Solution:

Let the number of chicken, egg and vegetable sandwiches produced be $x,y,z$ respectively.

(a) : Objective function, maximise $Z=x+y+z$

subject to the constraints:

$x+2y+3z\le200 \\ 4x\le5\times40 \Rightarrow x\le50 \\ 2x+2y+2z\le15\times60 \Rightarrow x+y+z\le450 \\ 2x+2y+2z\le19\times 14 \Rightarrow x+y+z\le133 \\ 2y\le 200 \Rightarrow y\le100 \\ x,y\ge0$

(b): Consider above 5 inequations to be equations.

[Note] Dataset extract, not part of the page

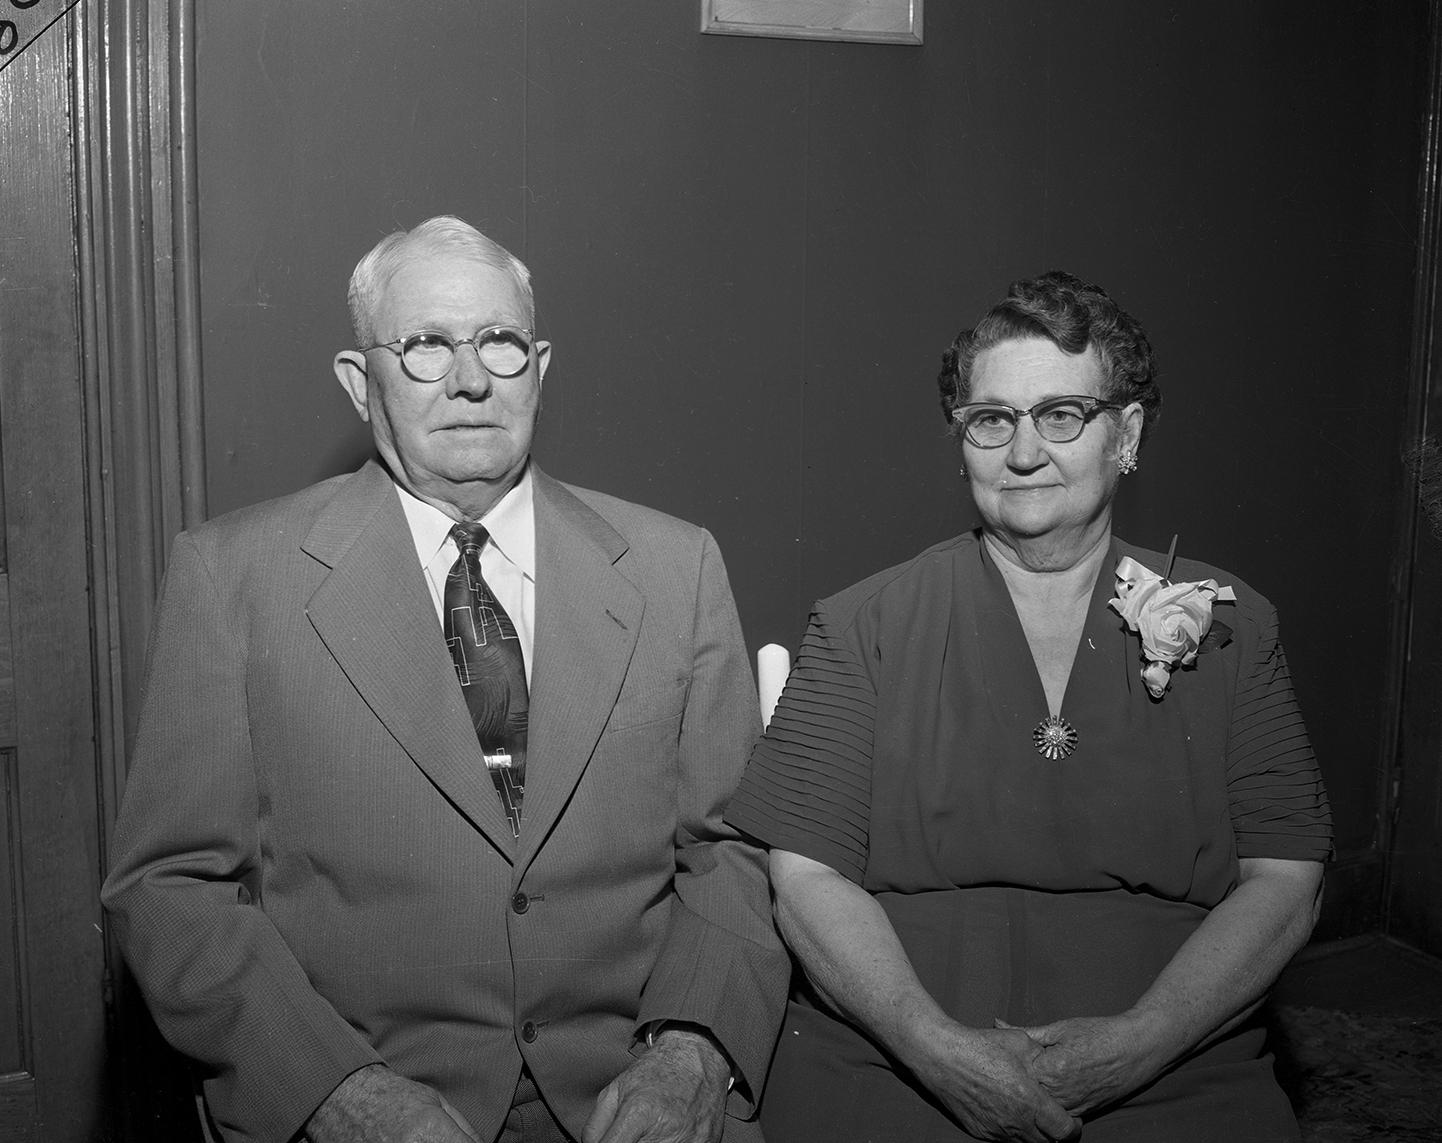 Anniversary portrait, May 3, 1954

$x+2y+3z=200 ...(i) \\ x=50...(ii) \\ x+y+z=450...(iii) \\ x+y+z=133...(iv) \\ y=100...(v)$

Solving (i), (ii), (v), we get $A(50,100,-\frac{50}3)$

Solving (ii), (iii), (v), we get $B(50,100,300)$

Solving (ii), (iv), (v), we get $C(50,100,-17)$

Clearly, out of these points,

maximum value of $Z=50+100+300=450$ at $B(50,100,300)$.

Thus, the number of chicken, egg and vegetable sandwiches produced are $50,100, 300$ respectively.

Sensivity report: Reducing or adding a certain number of serving of vegetables and loaves of bread cause no change in the optimal number of sandwiches.

Example: Reducing serving of vegetables by 2, we get inequation: $x+2y+3z\le198$

which causes no change in the optimal number of sandwiches.

Similarly, by adding 5 more loaves of bread, we get inequation:

$2x+2y+2z\le24\times14\Rightarrow x+y+z\le168$

which causes no change in the optimal number of sandwiches.